Republican candidates for the Senate tend to dwell on the supposed threats from foreign competition. They don’t say enough about the real opportunities being created for workers, companies, and families in the Keystone State.

Pittsburgh’s transformation from a gritty “Steel City” to a center of technology, medicine, and higher education shows the path forward. Today the city is known less for steel and more for the “eds and meds” of Carnegie Mellon University and the University of Pittsburgh medical system. It has also become a hub of high-tech research on robotics and self-driving cars.

Candidates aspiring to represent the state in Congress should be talking about how to build on that success, not how to restore a mythical past through tariffs on steel imported from allies and neighbors. Tariffs are hurting important Pennsylvania industries such as gas and oil production.
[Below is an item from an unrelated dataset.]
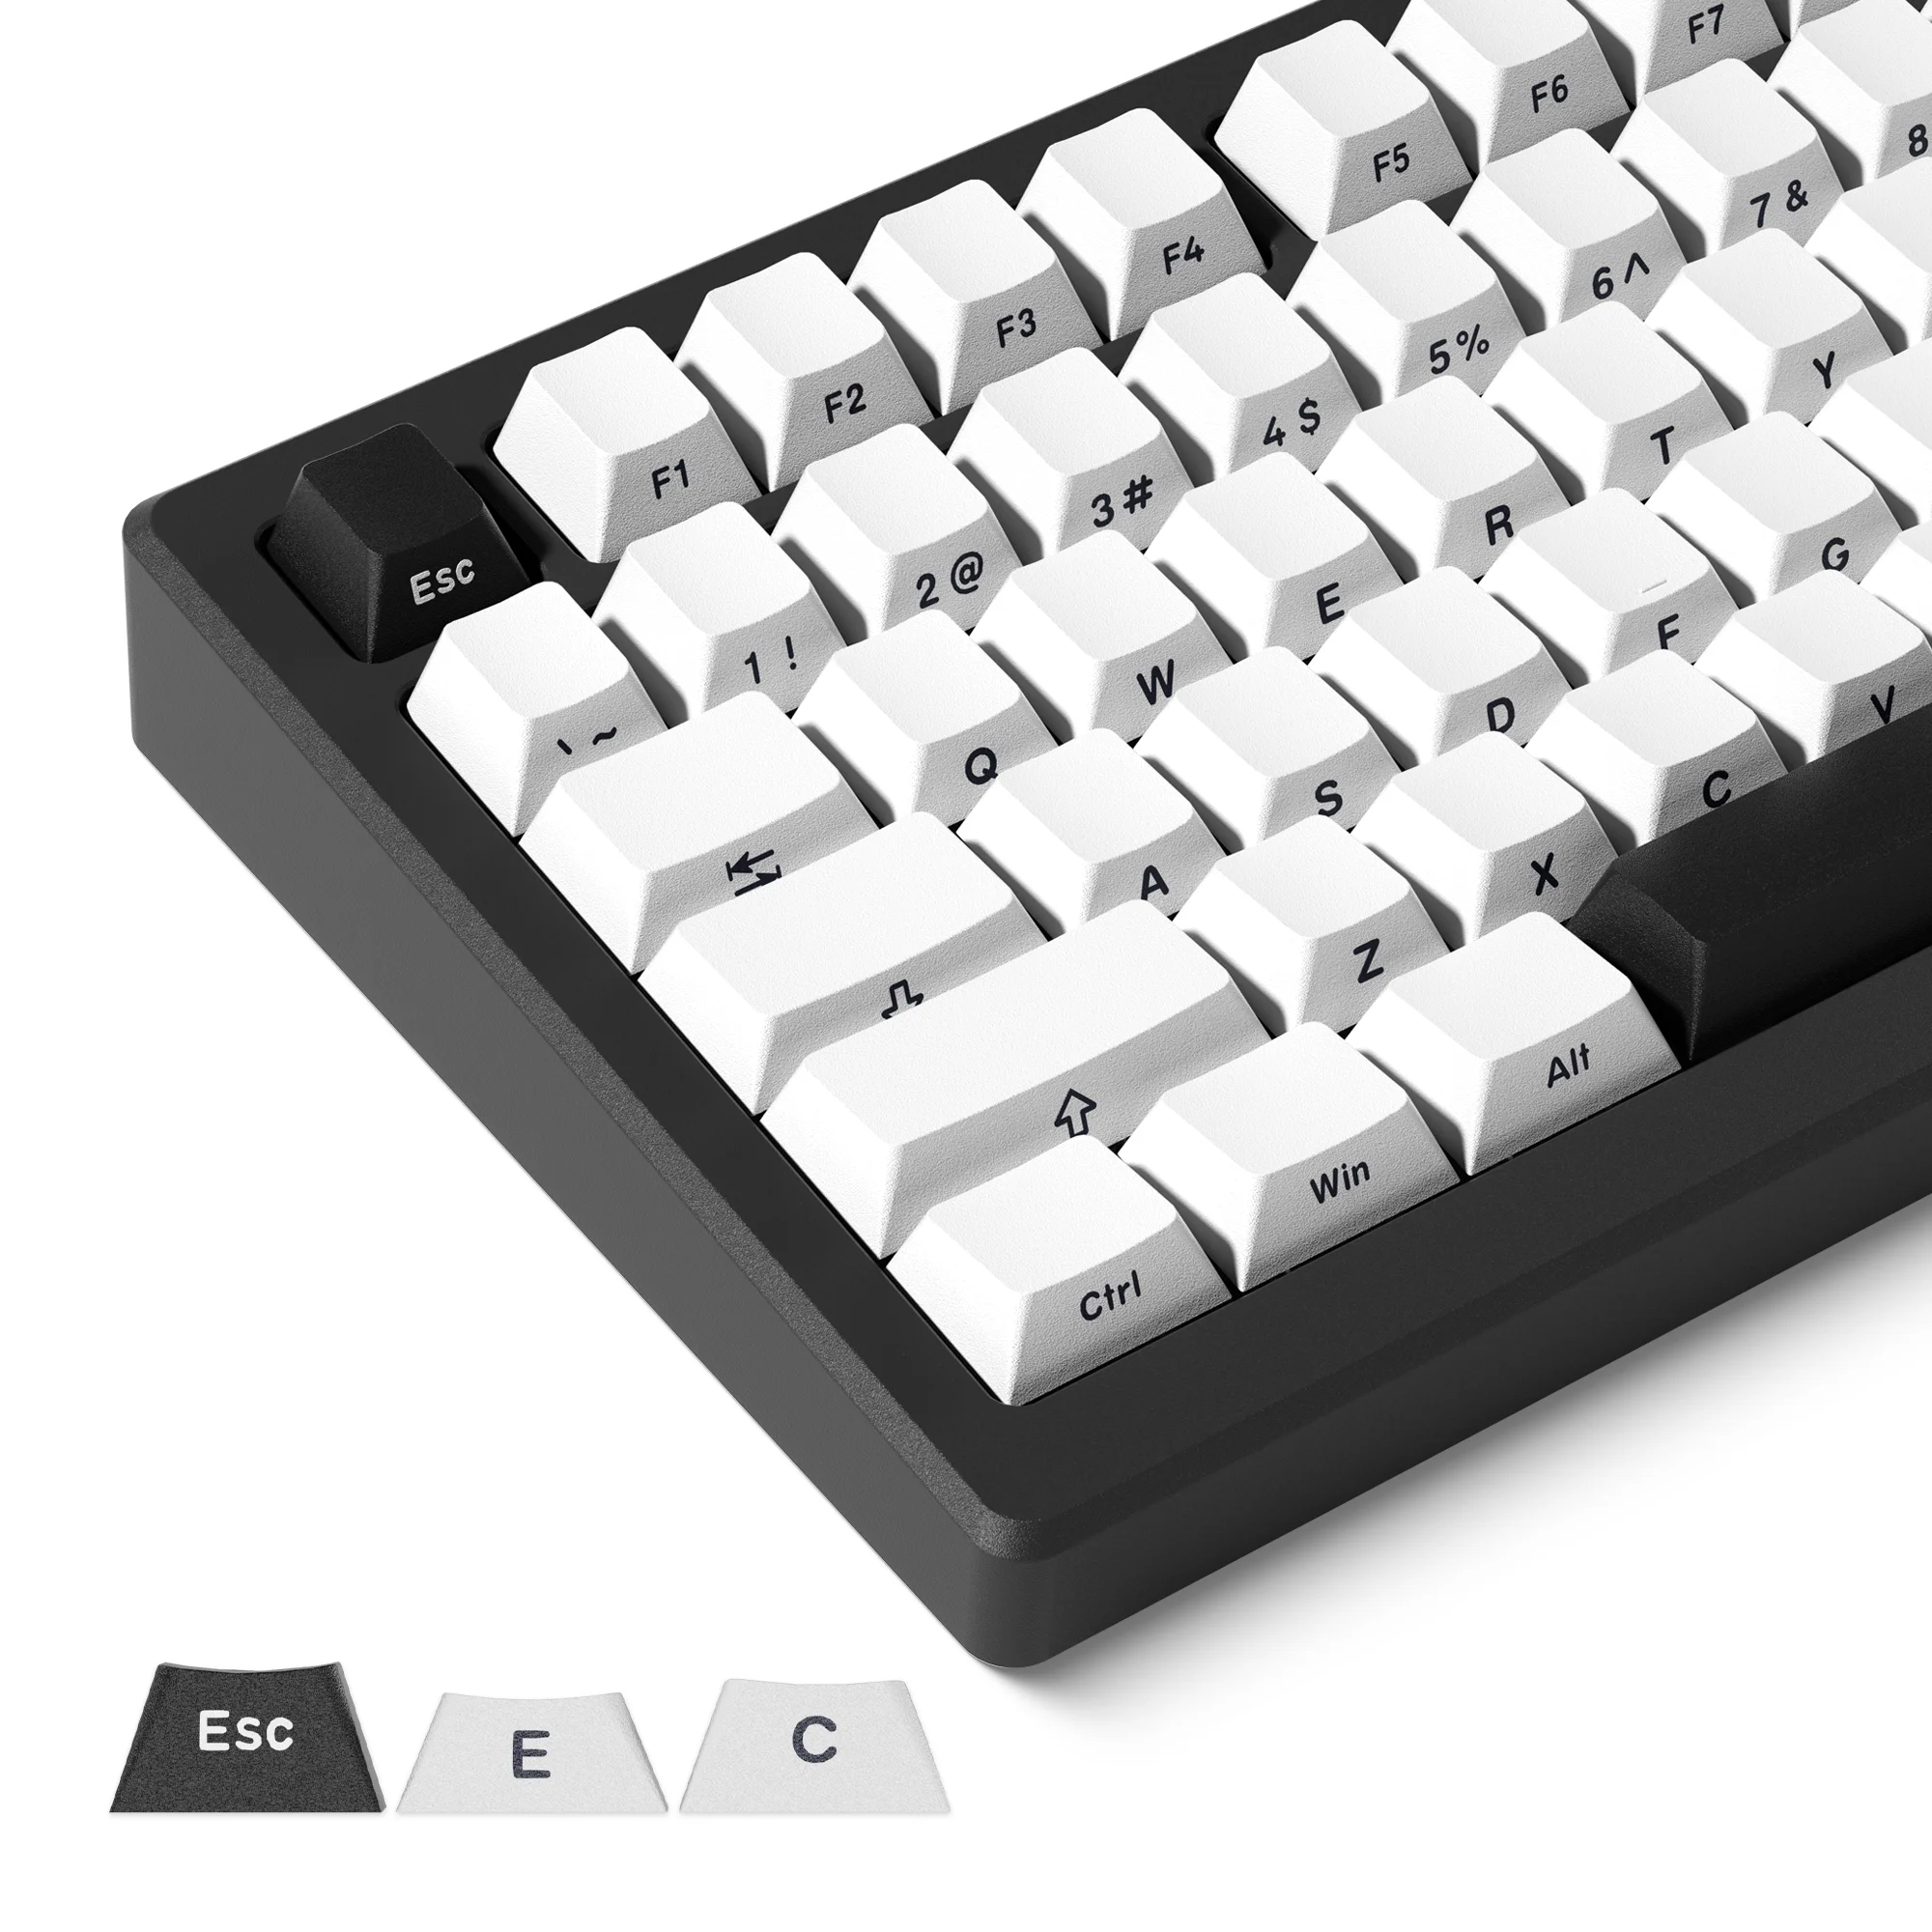 

XVX 132 Keys Double Shot Side Print White/Black Keycaps Cherry Profile PBT Key Cap Set for Mechanical Keyboard Gaming Keycaps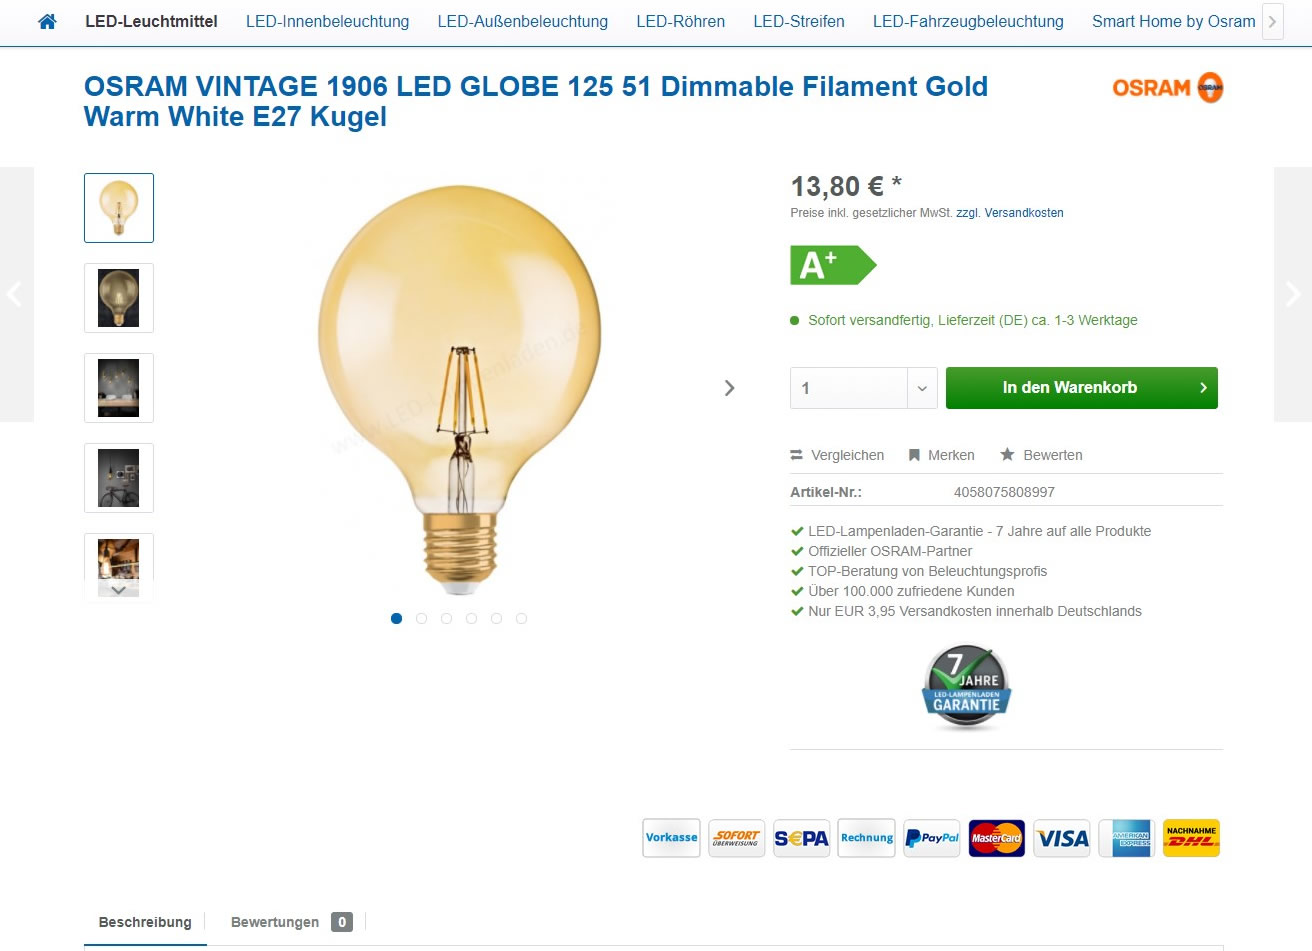 Mansion Utrolig Uberettiget led-lampenladen.de | Referenz – webfellows Shopware Agentur

One out of five jobs in Pennsylvania depend on trade with the rest of the world, both imports and exports, according to the Business Roundtable (BRT). In 2019, more than $41 billion in goods were exported from the state, with chemicals, computer and electronic products, primary metal manufactures, machinery, and transportation equipment leading the way. The top three export markets for Pennsylvania products are Canada, Mexico, and China.

Empowered by the internet and small-package delivery services, more and more Pennsylvania companies are cracking global markets. According to the U.S. Census, in 2020 there were 14,889 companies across the state that export — 88% of them small and medium-sized enterprises with fewer than 500 employees.

Global markets are also key for Pennsylvania farmers. In 2020, according to the U.S. Department of Agriculture, state farmers exported more than $2 billion worth of products, with dairy, soybeans, poultry, pork, and corn among the top commodities.

When foreigners are not buying Pennsylvania’s exports, they’re investing in the more than 1,100 foreign-owned affiliates operating in the state. According to the Global Business Alliance, foreign-owned companies employ 329,000 Pennsylvania workers, one-third of them in manufacturing. Major investors in the state include Akzo Nobel Coatings Inc. (Netherlands) located in Reading; BAE Systems Inc. (United Kingdom) in West Manchester Township; and Domtar Paper Company (Canada) in DuBois and Johnsonburg.

Imports also benefit the people of Pennsylvania. Millions of low and middle-income families across the state can stretch their budgets further because of more affordable imports of food, clothing, footwear, furniture, and personal electronics.

Producers also benefit from imports and global supply chains. According to the BRT, “In 2018, 60% of Pennsylvania goods imports were raw materials, components and parts that are used by U.S. manufacturers to stay competitive.”

When aspiring politicians do talk about trade, they tend to emphasize the negative. It’s true that some industries have declined and factories have closed because of foreign competition, but the benefits to Pennsylvania as a whole have outweighed the transitory adjustments.

Pennsylvania’s steel industry, for example, began its decline in the 1960s, long before the United States joined such trade deals as the North American Free Trade Agreement in 1994, or China entered the World Trade Organization in 2000. Much of the state has moved on to embrace the growing industries of the 21st century and the better paying and sustainable jobs they’ve created.

Pennsylvania’s future is on the ballot in 2022. In the primaries later this month and the general election in November, candidates and voters alike should focus — not on bygone elections or industries — but on building a brighter future for the commonwealth in an increasingly high-tech and globally connected economy.